Limitations & Future Work

  • Dependency on dLLM "order sensitivity": If future dLLMs become perfectly order-invariant, the watermark signal may vanish (an "adversarial training" risk).
  • One-step lookahead doubles inference time; multi-step lookahead costs are exponential, making strong watermark modes expensive to deploy.
  • Binary hashing provides only 1 bit per position, resulting in low channel capacity. Embedding complex signatures (e.g., timestamps) would require expansion to \(k\)-bit hashing.
  • Primarily validated on LLaDA and Dream; generalization to larger scales or different dLLM architectures remains to be fully verified.
  • Under rewriting attacks, AUC still drops to 0.85; strong adversarial rewriters might further degrade performance.
  • vs. Autoregressive Green/Red List (Kirchenbauer et al.): Those rely on fixed causal contexts which dLLMs lack, and biasing probabilities incurs quality costs. dgMARK avoids probability modification.

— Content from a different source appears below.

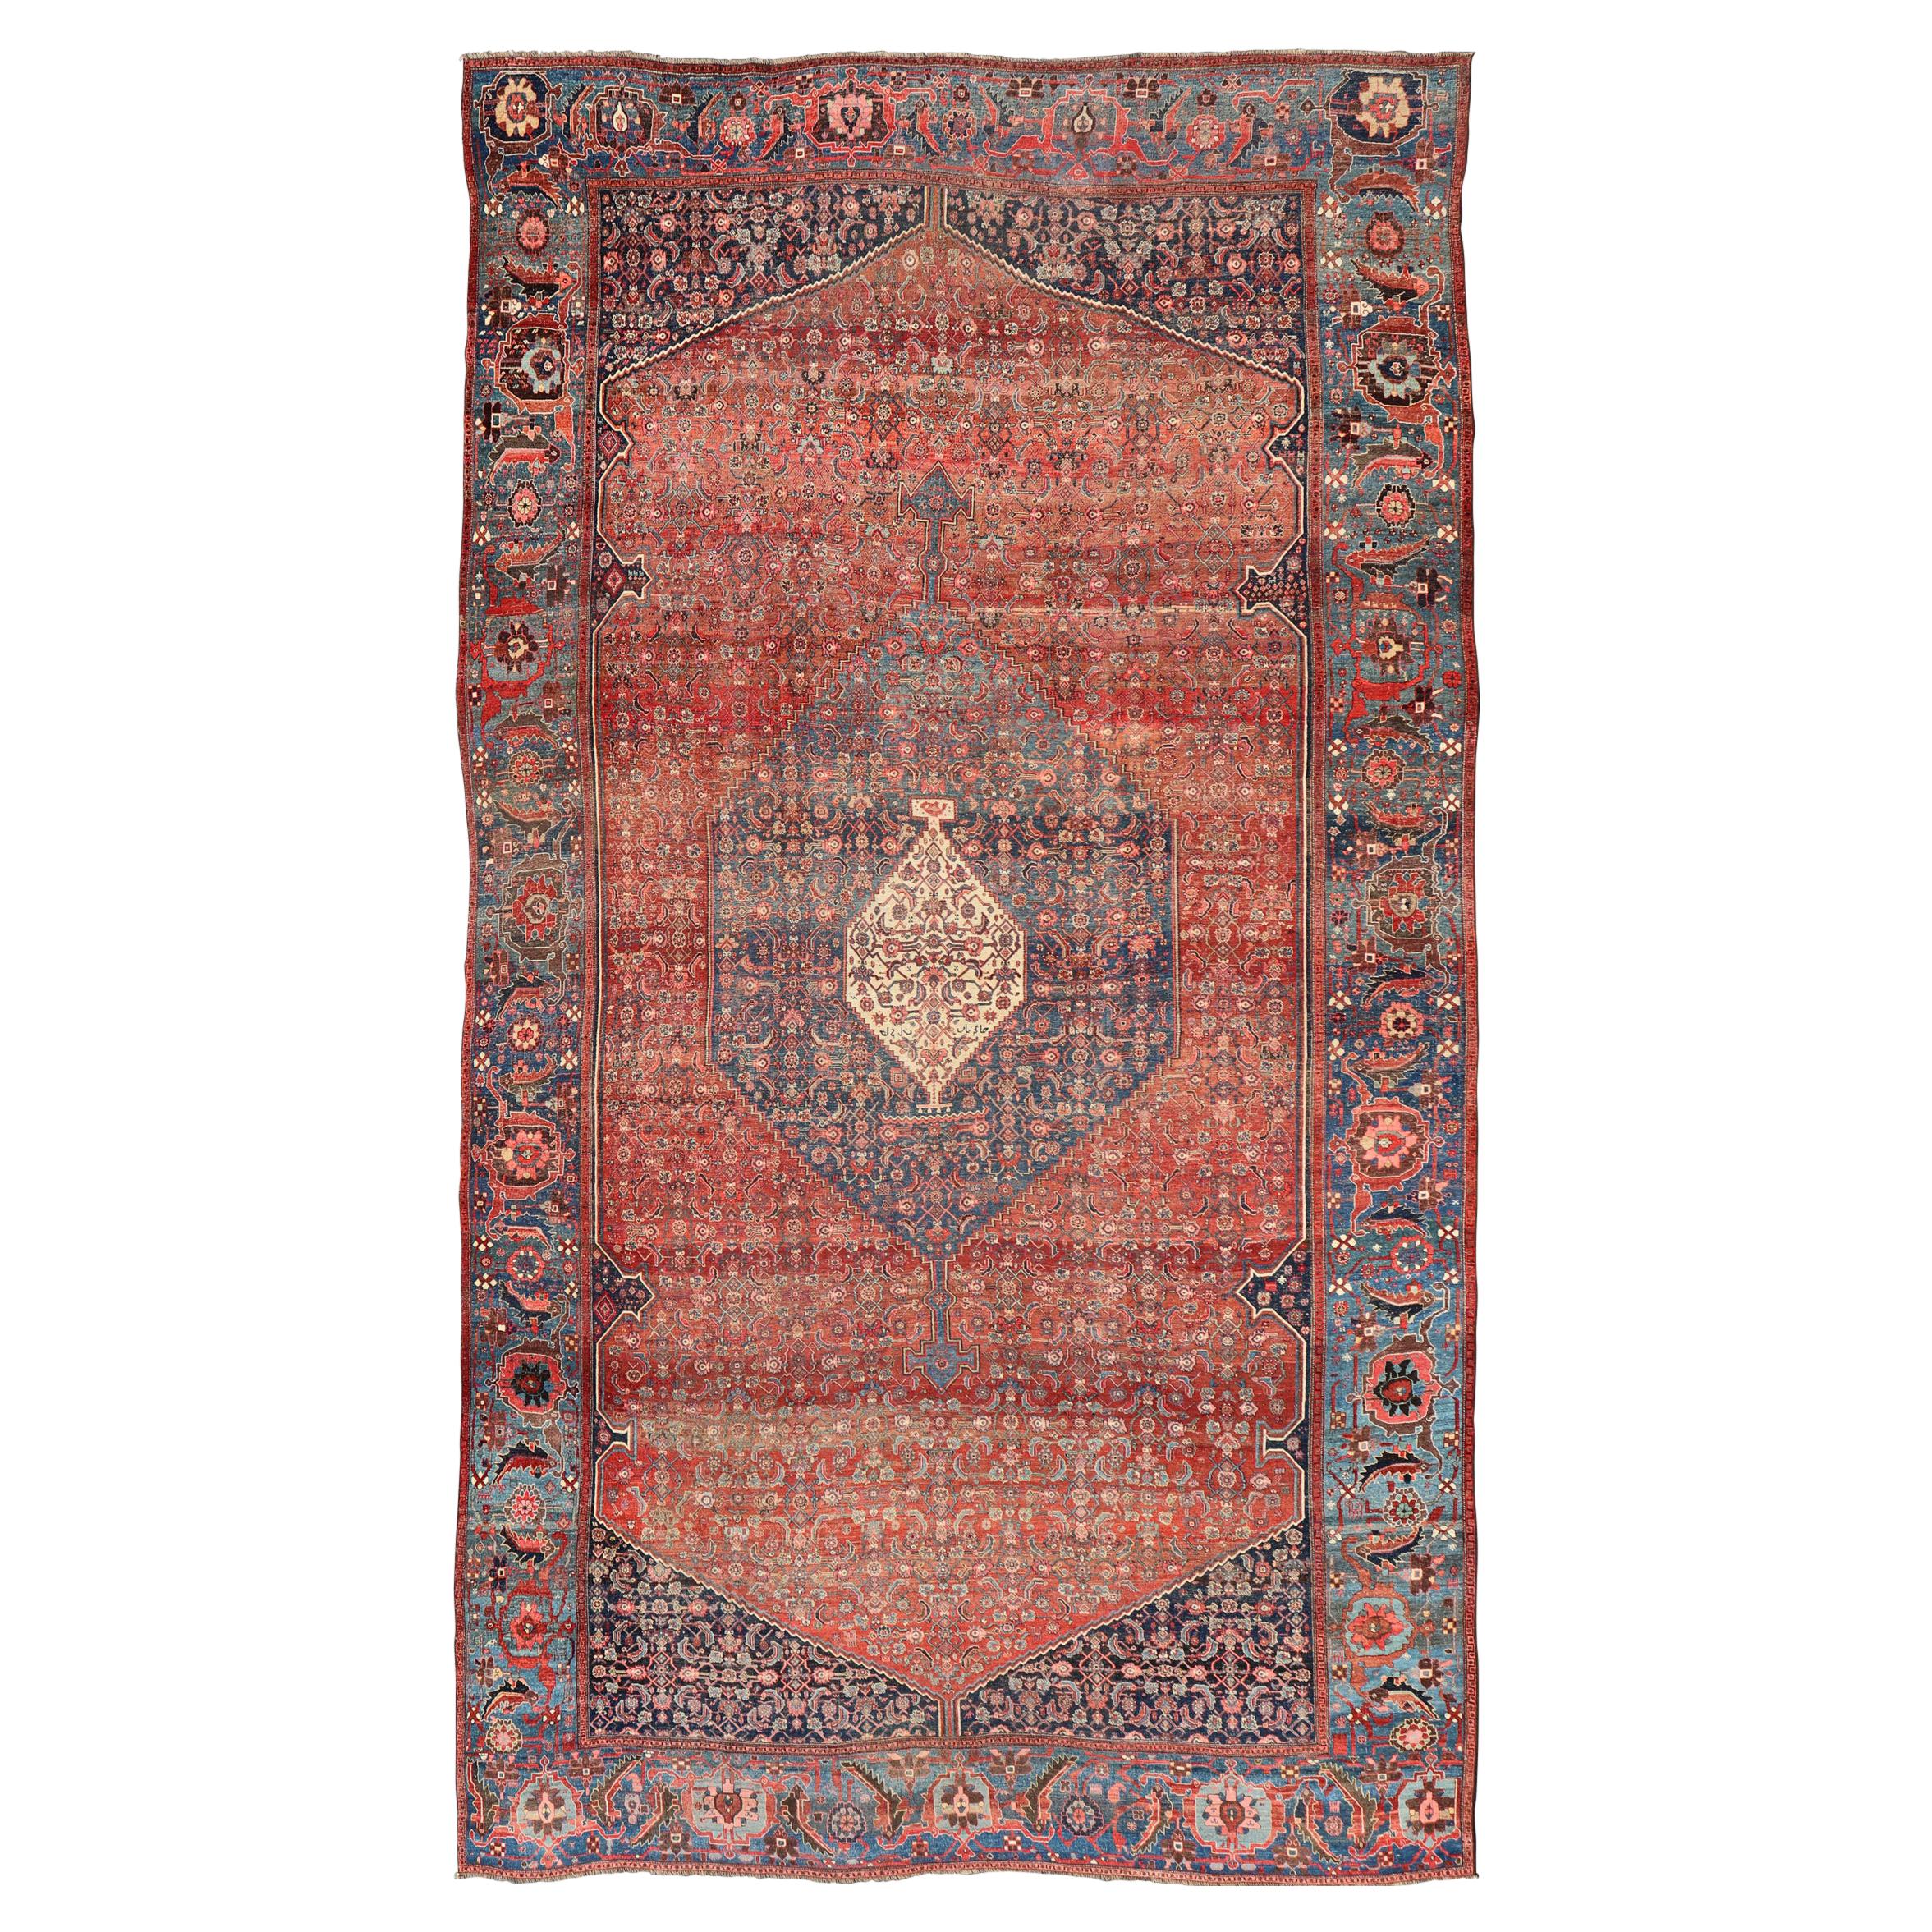 Très grand tapis persan ancien Bidjar dans de multiples nuances de bleu, Tera-Cotta et rouge

  • vs. Distortion-free Watermarking (Aaronson-Kirchner, Christ et al.): These preserve distributions via GumbelMax or long sequences but with high overhead. dgMARK preserves distributions on dLLMs with almost zero overhead.

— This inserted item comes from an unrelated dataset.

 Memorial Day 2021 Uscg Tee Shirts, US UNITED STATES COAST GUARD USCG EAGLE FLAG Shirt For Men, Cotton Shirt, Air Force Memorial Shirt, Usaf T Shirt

  • vs. Concurrent dLLM Watermarking (Bagchi / Wu / Gloaguen / Raban): Those still focus on probability shaping or controlled sampling. dgMARK is the first to use decoding order exclusively as the channel.

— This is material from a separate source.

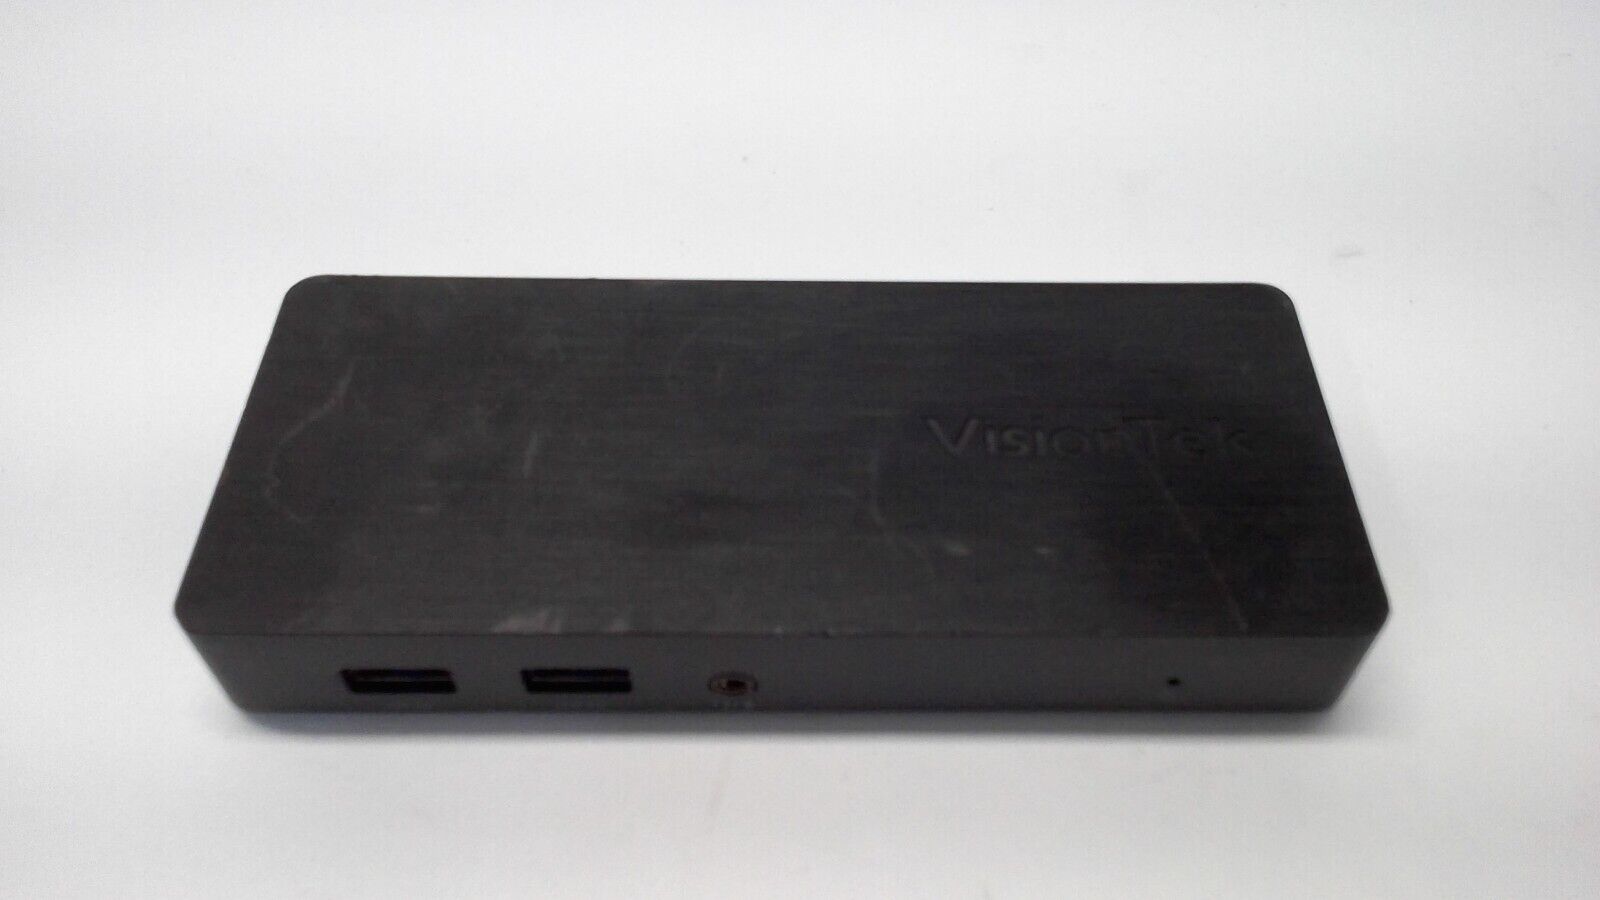 Visiontek VT1000 Dual Display Universal USB 3.0 Docking Station 901147

  • Insight: Any generative system that is "theoretically order-invariant but practically order-sensitive" (e.g., image or video diffusion) could potentially reuse the "order channel watermarking" concept.

Rating

  • Novelty: ⭐⭐⭐⭐⭐ Using decoding order as a channel is a genuinely new framing and pioneers the non-probabilistic path for dLLM watermarking.
  • Experimental Thoroughness: ⭐⭐⭐⭐ Covered two dLLMs, three decoding strategies, four attacks, and multiple baselines. Lacks a detailed head-to-head comparison with concurrent dLLM watermarking works.
  • Writing Quality: ⭐⭐⭐⭐ Clear motivation, intuitive algorithm diagrams. Theoretical analysis of how order sensitivity translates to detectable statistics could be deeper.
  • Value: ⭐⭐⭐⭐⭐ As dLLMs rapidly industrialize (Mercury, Gemini Diffusion), provenance watermarking is a critical need. This work provides the first high-quality, low-overhead, and robust solution.